Provide constructive feedback on how the team might be able to improve their project.
While the high-level goal is evident, specifying more concrete objectives regarding the features to be used in the recommendation system would add clarity. Define the specific features you plan to leverage for more targeted results.
In the exploratory data analysis (EDA), consider a more in-depth explanation. For example, you can investigate the distribution of ratings, discount percentages, and their impact on sales. Visualising correlations between different features could provide more insights.
Provide a bit more detail on why specific recommendation algorithms (collaborative filtering, content-based filtering, hybrid methods) were chosen. How do they align with the characteristics of the dataset and the goals of the project?
What aspect of this project are you most interested in and would like to see highlighted in the presentation.
Accuracy score of the shoe recommendation system.
Provide constructive feedback on any issues with file and/or code organisation.
No issues.
(Optional) Any further comments or feedback?
Good luck!
The following is the peer review of the project proposal by Feature Finders Club . The team members that participated in this review are
Eshaan Mathakari - @eshaanmathakari
Sanjay Bhargav Siddi - @sanjaybhargavsiddi
Likith Kumar Dundigalla - @LikithKumarDundigalla
Aravind shrenivas Murali - @Aravind-shrenivas
Vamsi Vadala - @Vamsi-Vadala
Describe the goal of the project. What we understood from the abstract is that you are creating a system called 'SoleMate,' which will use machine learning algorithms to assist people in finding the ideal pair of shoes by considering various factors such as their favourite shoe brand, price, lifestyle, and personal fashion preferences.
Describe the data used or collected. The dataset comprises information related to products from Nike and Adidas, with a primary focus on shoes. It includes essential features such as product names, unique product IDs, listing prices, discounted sales prices, discount percentages, brand identifiers (Nike or Adidas), product descriptions, user-provided ratings (out of 5), the number of user reviews, and timestamps indicating the last customer visit to a product.

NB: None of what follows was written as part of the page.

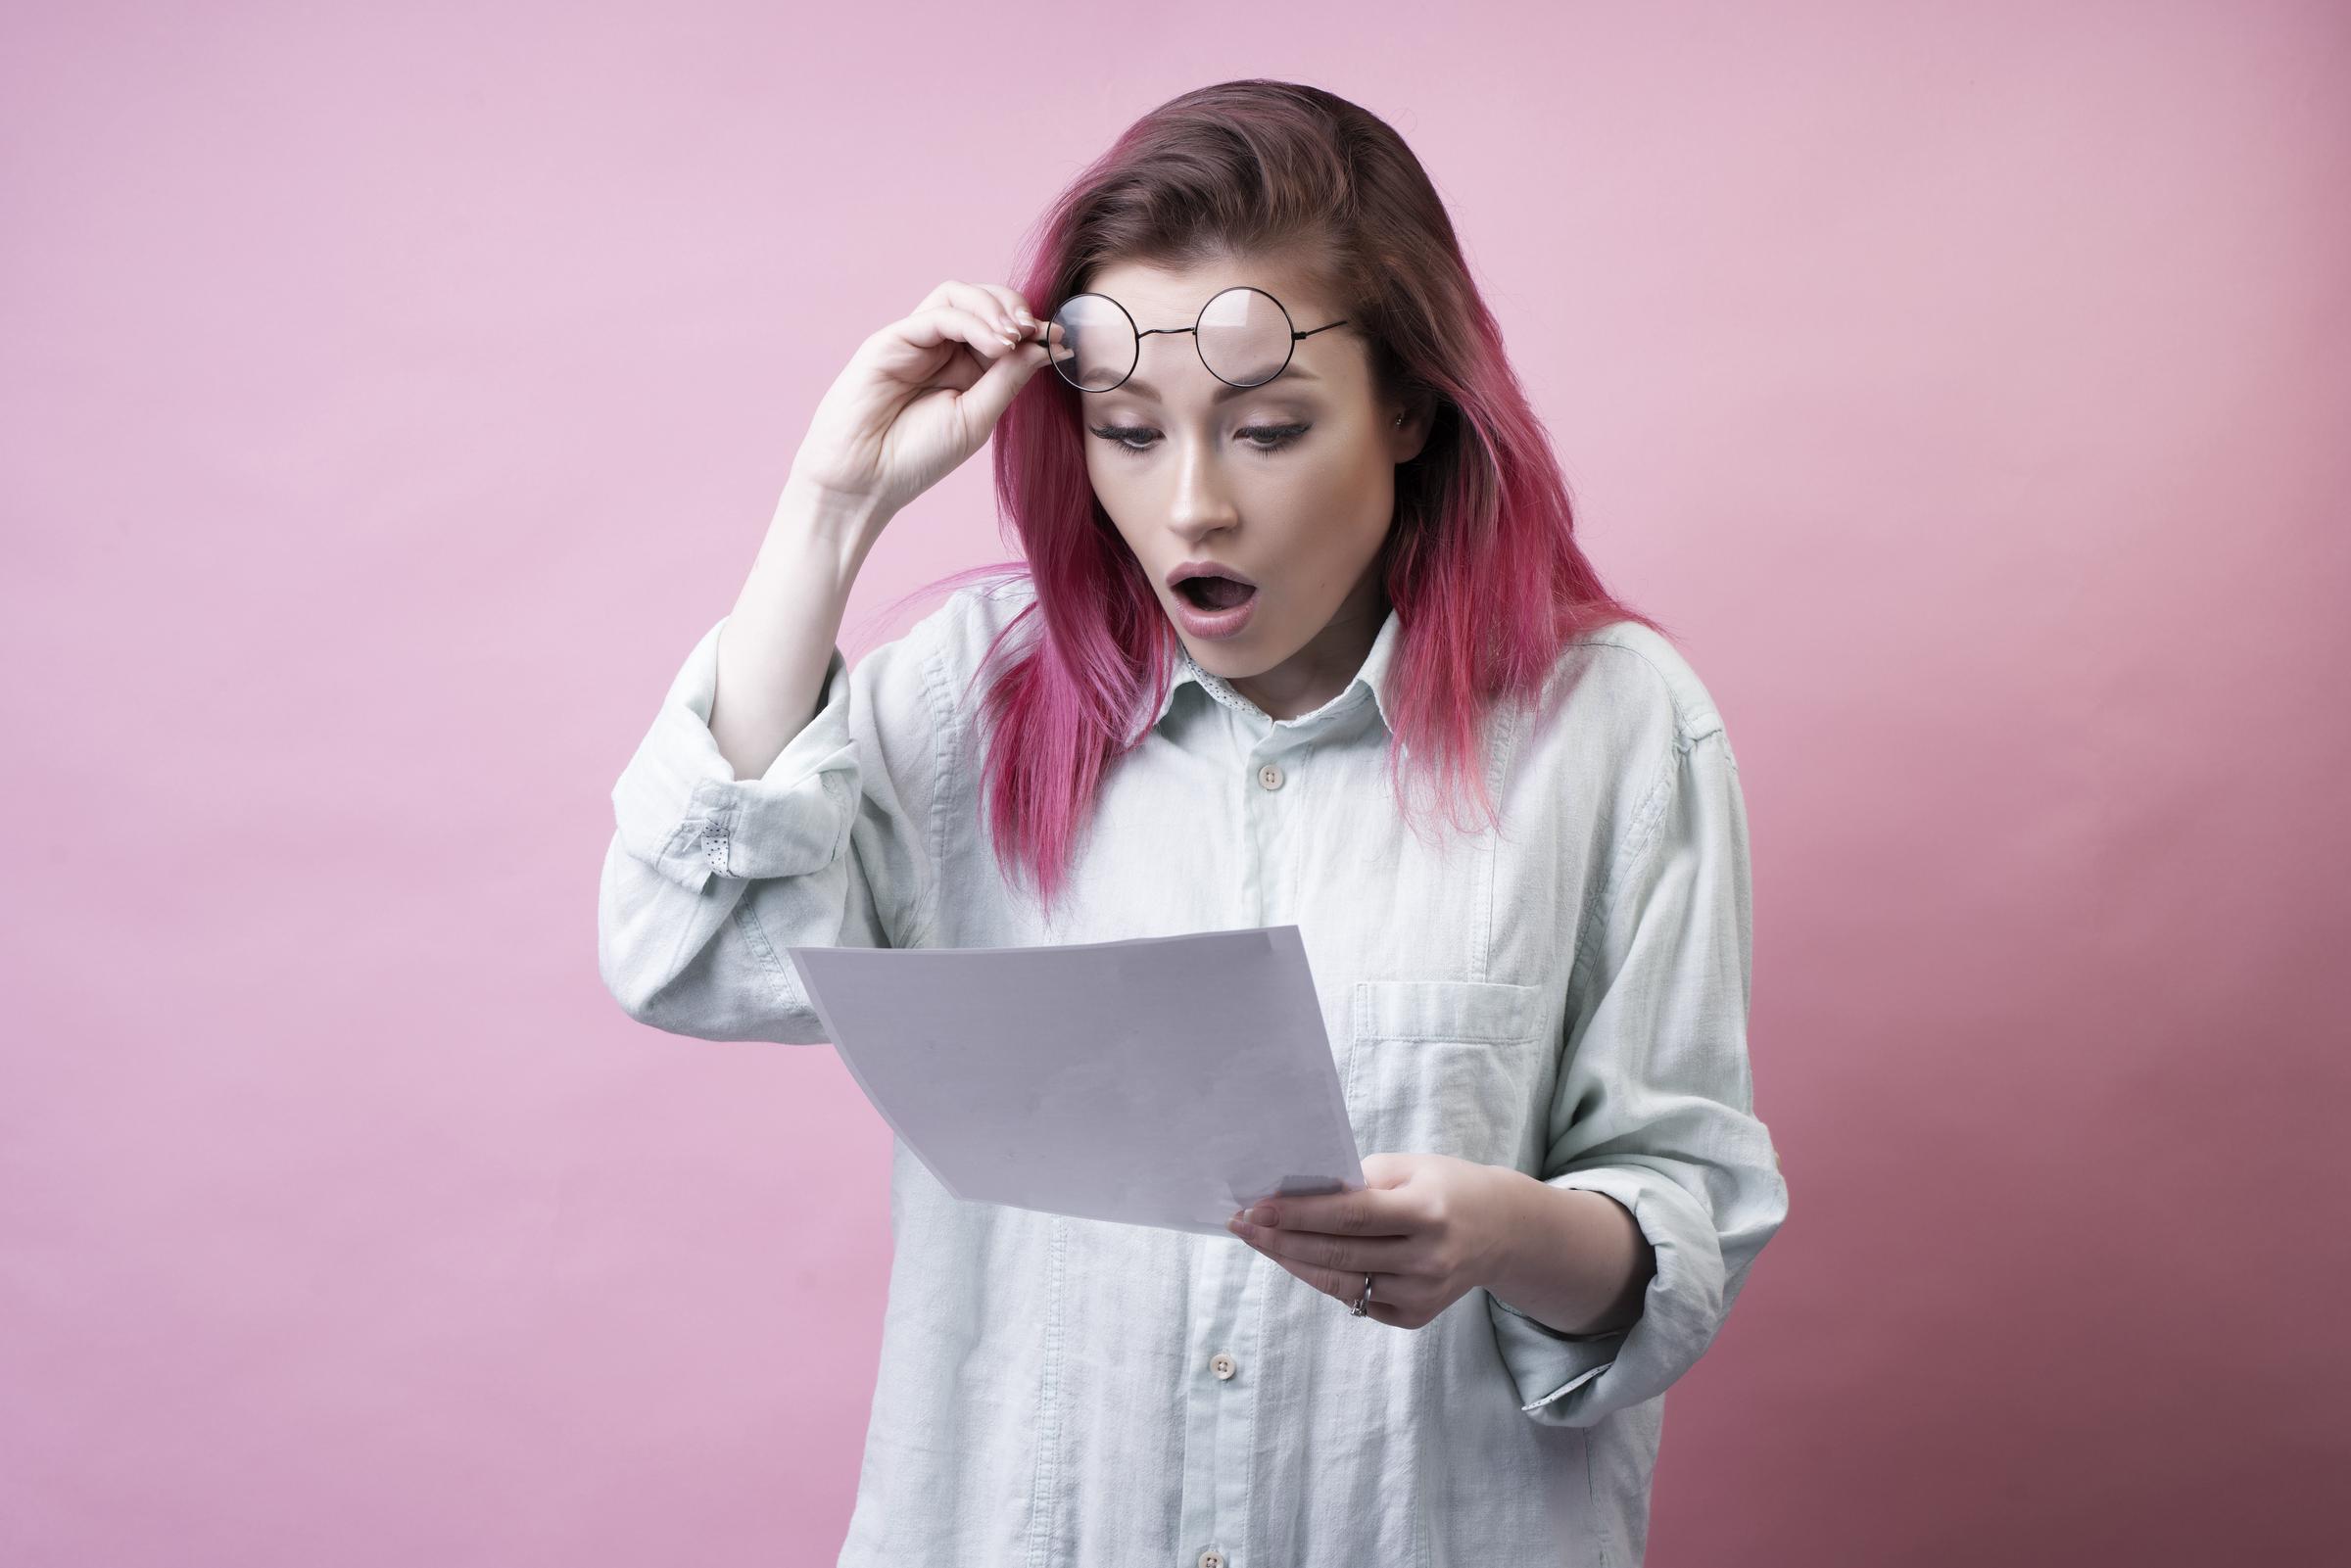 Shocked girl with glasses and paper | Source: Freepik

Describe how the research question will be answered, e.g. what approaches / methods will be used. The main goal of the project is to develop a shoe-recommendation system called "SoleMate" that will revolutionise the way consumers select their shoes. This machine learning-based approach will provide personalised recommendations for a more seamless and customised purchasing experience in response to the subjective nature of shoe selection, which is influenced by brand, price, lifestyle, and fashion preferences. SoleMate uses machine learning algorithms to take a variety of aspects into account and provide users with customised shoe recommendations
Is there anything that is unclear from the proposal? 1) The question "How do you find the perfect Solemate?" is not close to the project, since you mentioned you are shoe recommending system and you named your system as "Solemate". It was not clear how can you find a perfect system whereas you want a perfect shoe. 2) "Visualising the favourite shoe brand based on the customer rating and the number of reviews "- Are you'll tackling the discrepancies too in that case? like there is a chance of fake reviews too, is that also being considered 3) " Create additional features if necessary, such as sentiment analysis scores for customer reviews"- In what case is this for? and also how can you take number as a sentiment please explain this?
Provide constructive feedback on how the team might be able to improve their project.
What aspect of this project are you most interested in and would like to see highlighted in the presentation. Accuracy score of the shoe recommendation system.
Provide constructive feedback on any issues with file and/or code organisation. No issues.
(Optional) Any further comments or feedback? Good luck!